= World government (Mormonism) =

In the mid 19th-century, under the direction of the prophet Joseph Smith and other prominent leaders such as Brigham Young, The Church of Jesus Christ of Latter-day Saints (LDS Church) taught that a world government would exist upon the earth during the end times. The world government would be known as the Kingdom of God on earth. It was taught that this Kingdom would rule over all the people of the earth and would allow each individual to live under true freedom and liberty.

On March 11, 1844, Smith organized an arm of the organization—the Council of Fifty—which was to work under the direction of the priesthood authority of the church. The Council of Fifty was organized "for the maintenance, promulgation and protection of civil and religious liberty." The council was intended to act in a legislative capacity as a Theodemocracy. The council's decisions could be vetoed by the church's priesthood authority. Another body, the Council of Friends, would also be formed. The Council of Friends was to be a three-member body which would function as the political Kingdom of God prior to the Second Coming of Jesus. The Second Coming would usher in the Millennium, a 1000-year period in which world political power would reside with this world government.

The political and spiritual kingdoms of God were to be distinct entities, with "a constitutional separation of powers between Zion New Jerusalem and the political government (Jerusalem of old)." The third leg of the government, the Council of Friends, would act as advisors to both the Council of Fifty, and the priesthood body of the church.

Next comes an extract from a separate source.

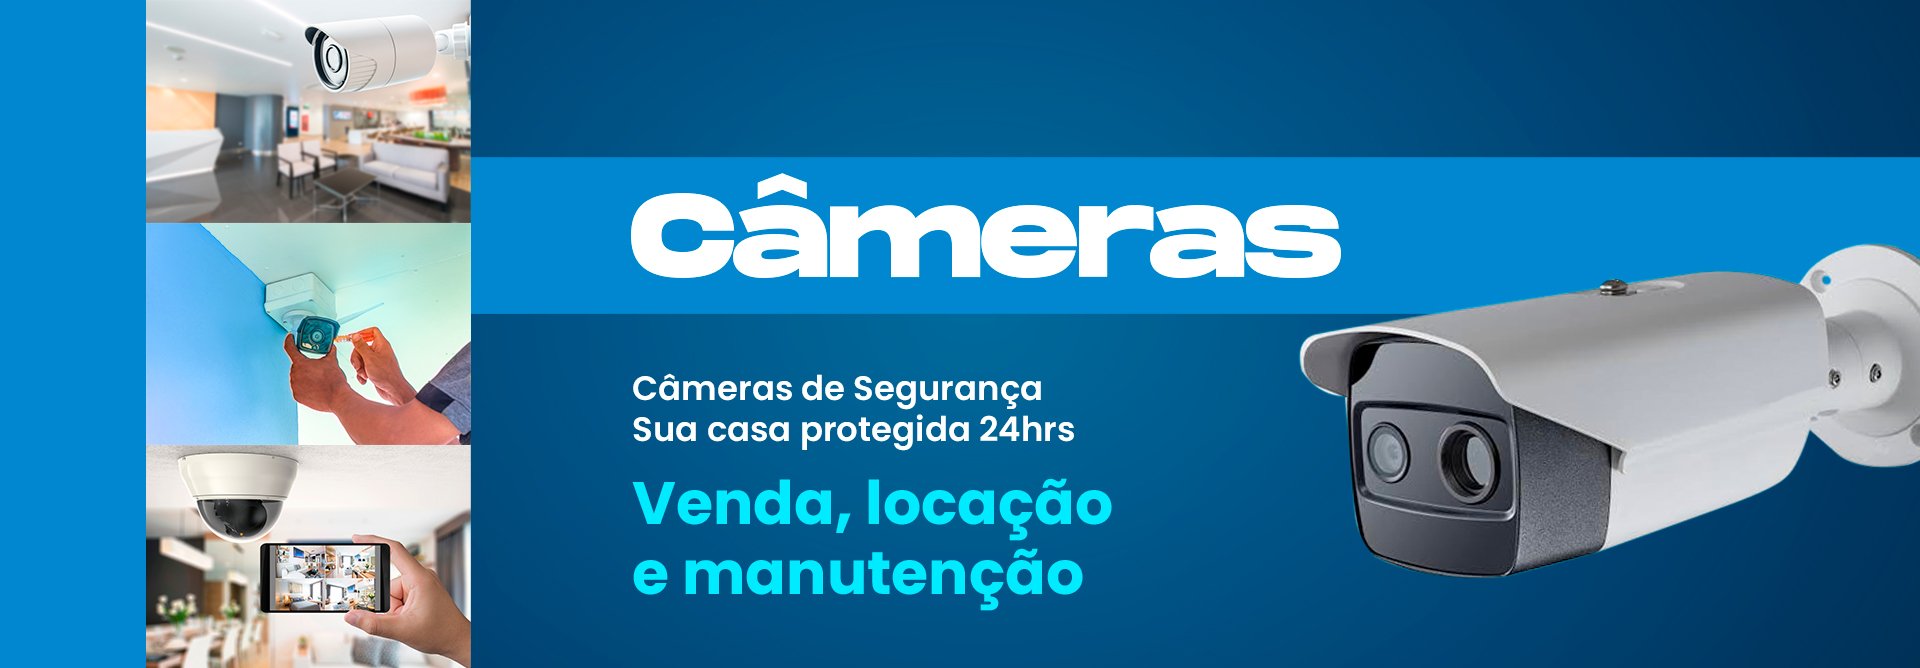 06-cameras-banner-web

All three bodies were to be composed of righteous men.

The Melchizedek priesthood authority would yield veto power over the Council of Fifty, with ultimate power held by a single anointed individual. Smith was ordained "King" on April 11, 1844, and was thereby set to preside over the political kingdom of God. Smith was killed just over two months later, on June 27, 1844.

Smith taught that New Jerusalem would be a seat of the Kingdom of God on the earth. The founding of this millennial Zion was so important for early church members that thousands of converts from many different countries sacrificed all they had to aid in the realization Smith's vision. Smith taught that the New Jerusalem would be located in Jackson County, Missouri.

In the LDS Church today, there is little knowledge of these principles and they are not emphasized. However, Mormon fundamentalist groups still actively pursue and promote these principles.